Choosing Partition key:
https://docs.microsoft.com/en-us/azure/cosmos-db/partitioning-overview

  • Choose a partition key that has a wide range of values and access patterns that are evenly spread across logical partitions.
  • Choose a partition key that spreads the workload evenly across all partitions and evenly over time.
  • Candidates for partition keys might include properties that appear frequently as a filter in your queries.

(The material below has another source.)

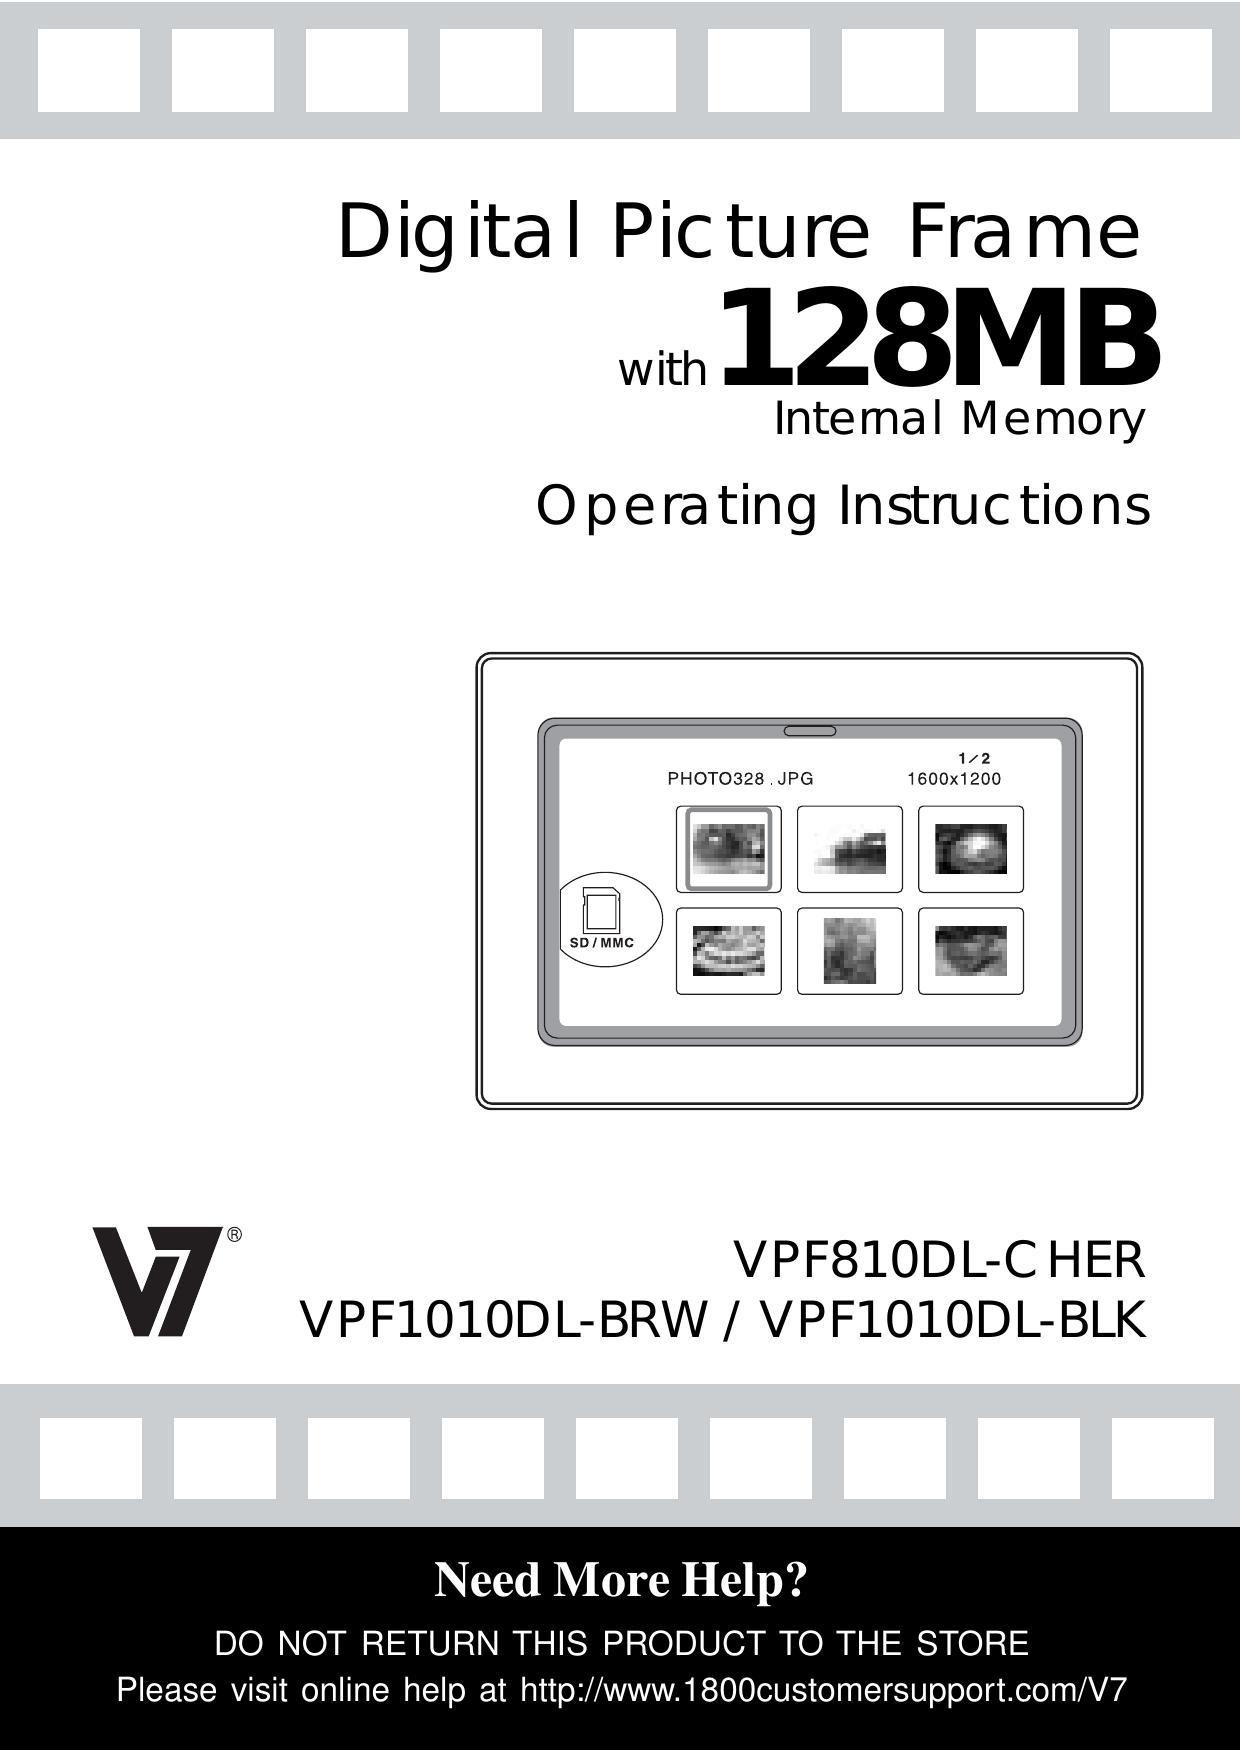 Venturer VPF810DL-CHER Digital Photo Frame User Manual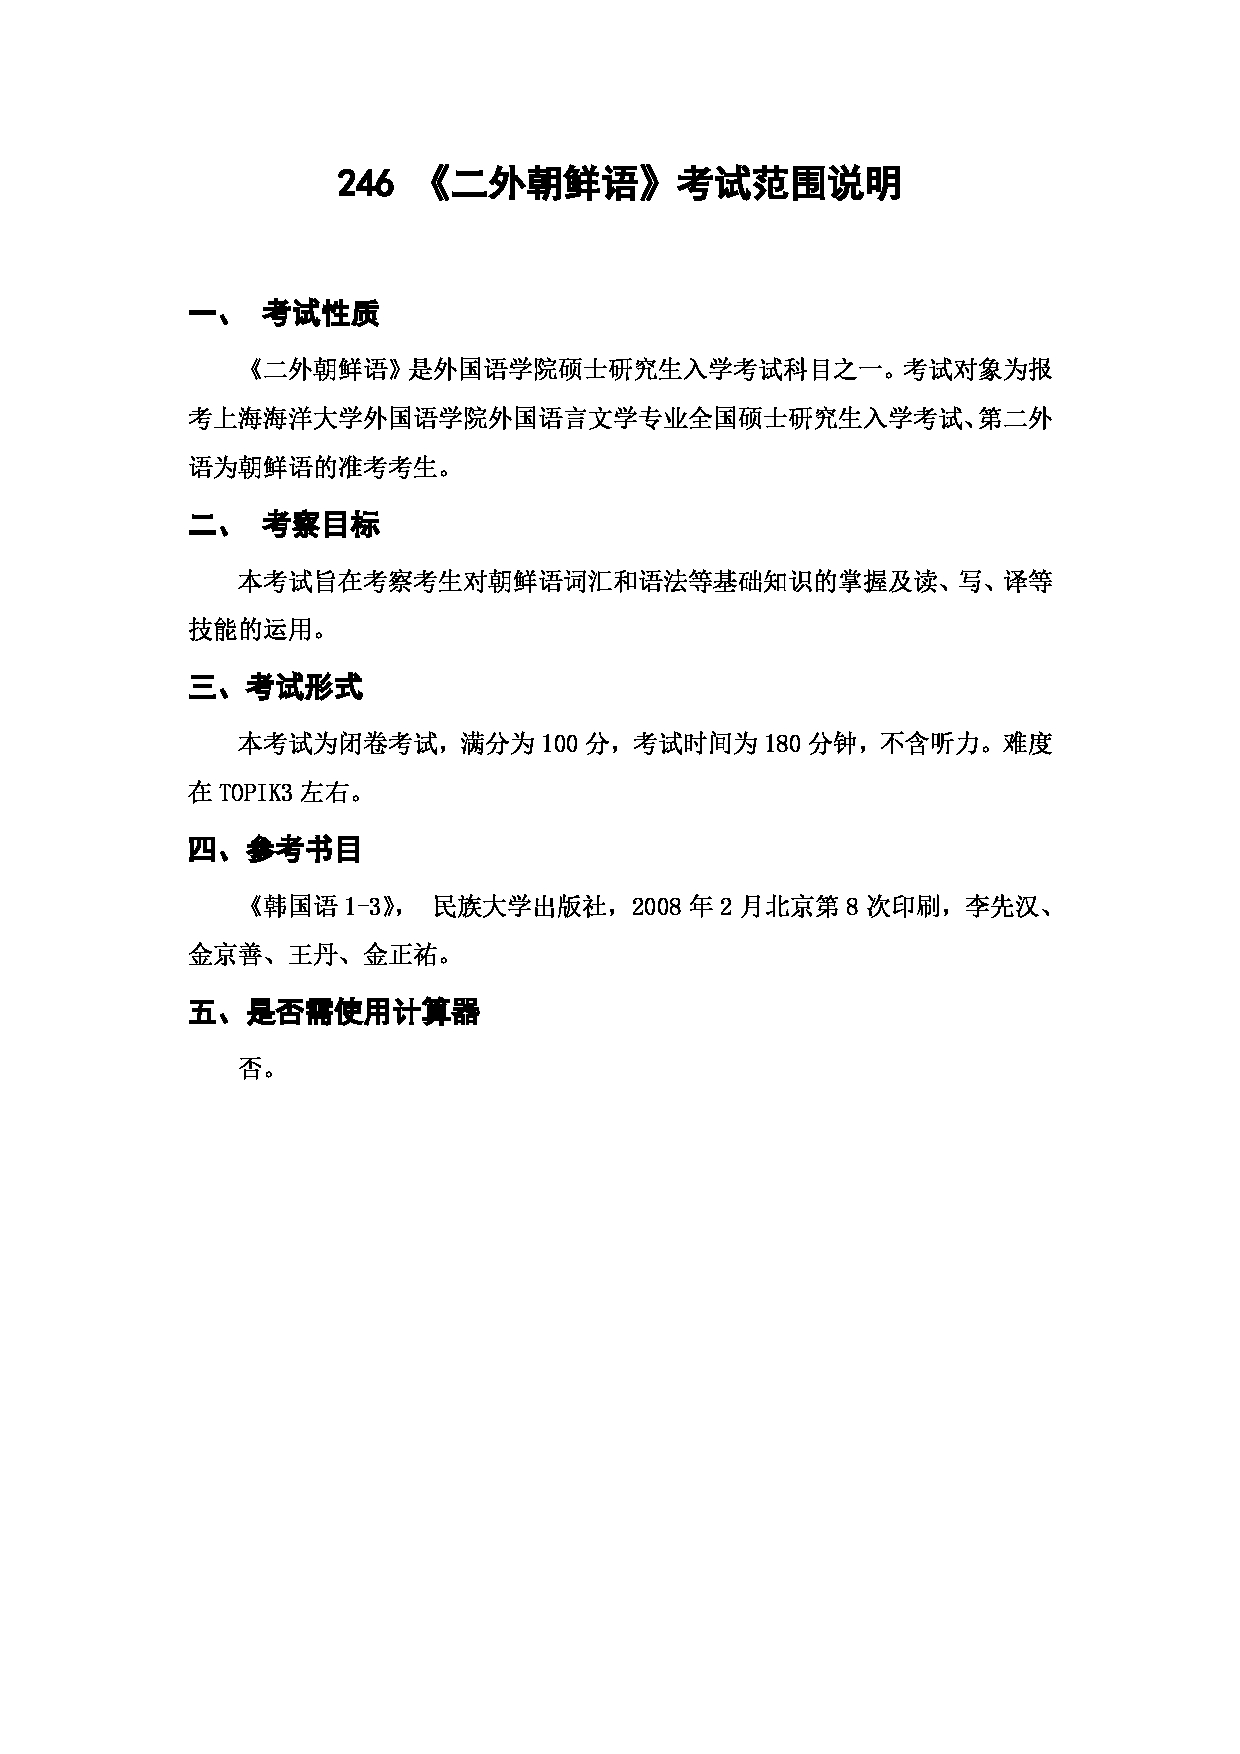 上海海洋大学2023年考研自命题科目 246《二外朝鲜语》 考试范围第1页

Use non-clustered indexes to improve analytics performance https://docs.microsoft.com/en-us/azure/sql-database/sql-database-in-memory

Migration

Azure Database Migration Service - Migrating with minimal disruptions. Source DB remains online.

Azure AD

  • Privileged Identity Management - JIT privileged access to resources / AD
  • Identity Protection - Automate detection / remediation of identity-based risks, investigate risks, export risk data to 3rd party utilities.